The instrument used at the throat and abdomen was the same. It must have been a very sharp knife with a thin narrow blade, and must have been at least 6 to 8 inches in length, probably longer. He should say that the injuries could not have been inflicted by a bayonet or a sword bayonet. They could have been done by such an instrument as a medical man used for post-mortem purposes, but the ordinary surgical cases might not contain such an instrument. Those used by the slaughtermen, well ground down, might have caused them. He thought the knives used by those in the leather trade would not be long enough in the blade. There were indications of anatomical knowledge ... he should say that the deceased had been dead at least two hours, and probably more, when he first saw her; but it was right to mention that it was a fairly cool morning, and that the body would be more apt to cool rapidly from its having lost a great quantity of blood. There was no evidence ... of a struggle having taken place. He was positive the deceased entered the yard alive ...
A handkerchief was round the throat of the deceased when he saw it early in the morning. He should say it was not tied on after the throat was cut.
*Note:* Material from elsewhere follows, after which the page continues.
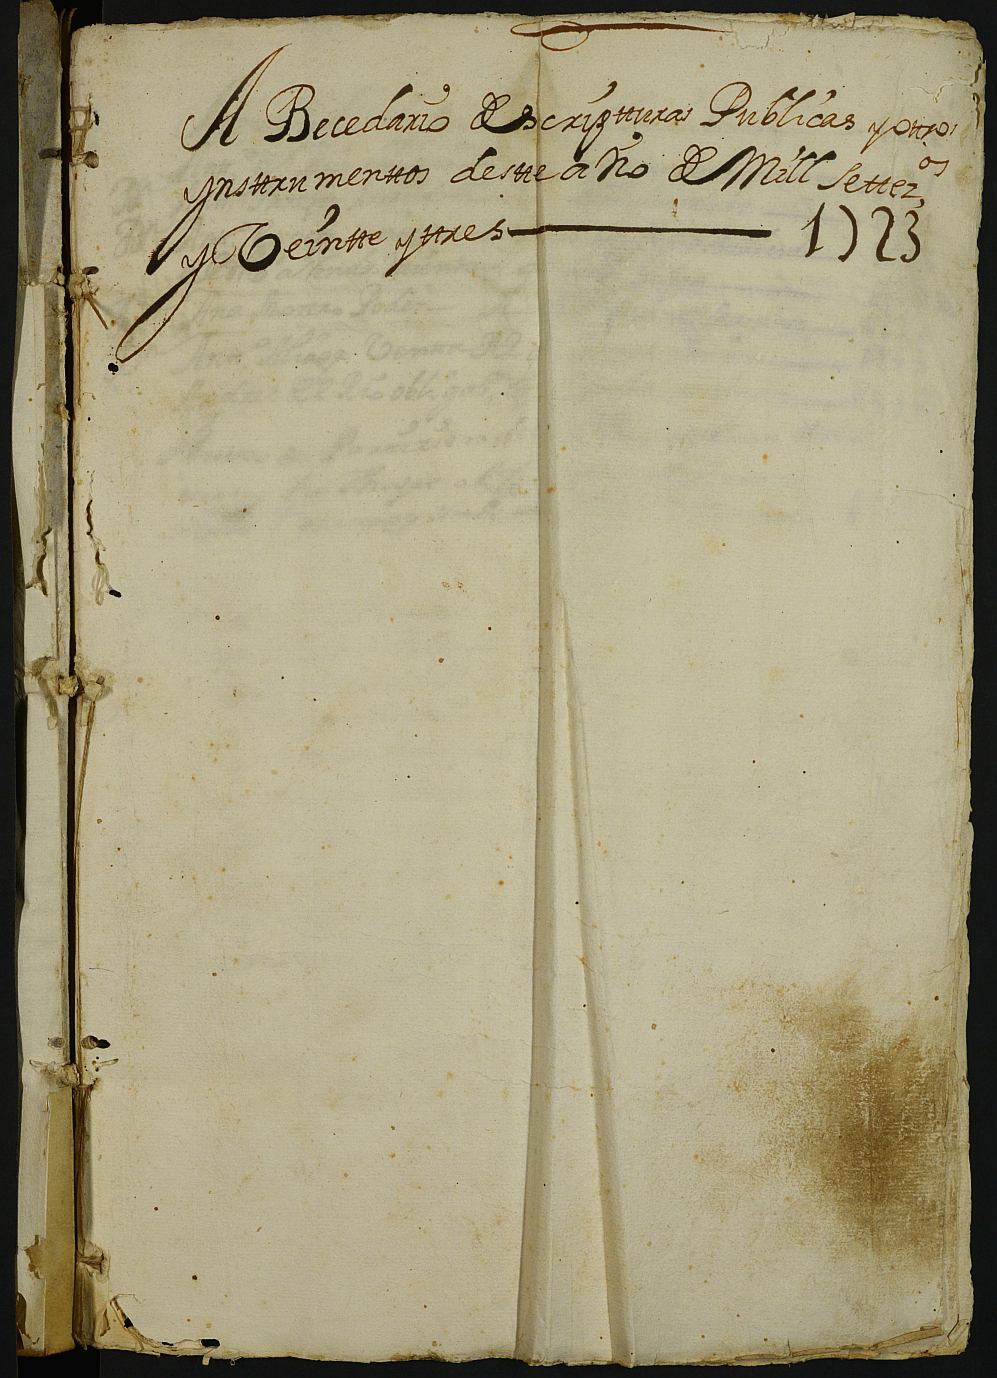 Registro de Jorge Pérez Mesía, Murcia de 1723.

Her throat was cut from left to right, and she had been disembowelled, with her intestines thrown out of her abdomen over each of her shoulders. The morgue examination revealed that part of her uterus was missing. Chapman's protruding tongue and swollen face led Dr Phillips to think that she may have been asphyxiated with the handkerchief around her neck before her throat was cut. As there was no blood trail leading to the yard, he was certain that she was killed where she was found. He concluded that she suffered from a long-standing lung disease, that the victim was sober at the time of death, and had not consumed alcoholic beverages for at least some hours before it. Phillips was of the opinion that the murderer must have possessed anatomical knowledge to have sliced out the reproductive organs in a single movement with a blade about 6–8 inches (15–20 cm) long. However, the idea that the murderer possessed surgical skill was dismissed by other experts. As her body was not examined extensively at the scene, it has also been suggested that the organ was removed by mortuary staff, who took advantage of bodies that had already been opened to extract organs that they could then sell as surgical specimens. In his summing up, Coroner Baxter raised the possibility that Chapman was murdered deliberately to obtain the uterus, on the basis that an American had made inquiries at a London medical school for the purchase of such organs. The Lancet rejected Baxter's suggestion scathingly, pointed out "certain improbabilities and absurdities", and said it was "a grave error of judgement". The British Medical Journal was similarly dismissive, and reported that the physician who requested the samples was a highly reputable doctor, unnamed, who had left the country 18 months before the murder. Baxter dropped the theory and never referred to it again. The Chicago Tribune claimed the American doctor was from Philadelphia, and author Philip Sugden later speculated that the man in question was the notorious Francis Tumblety.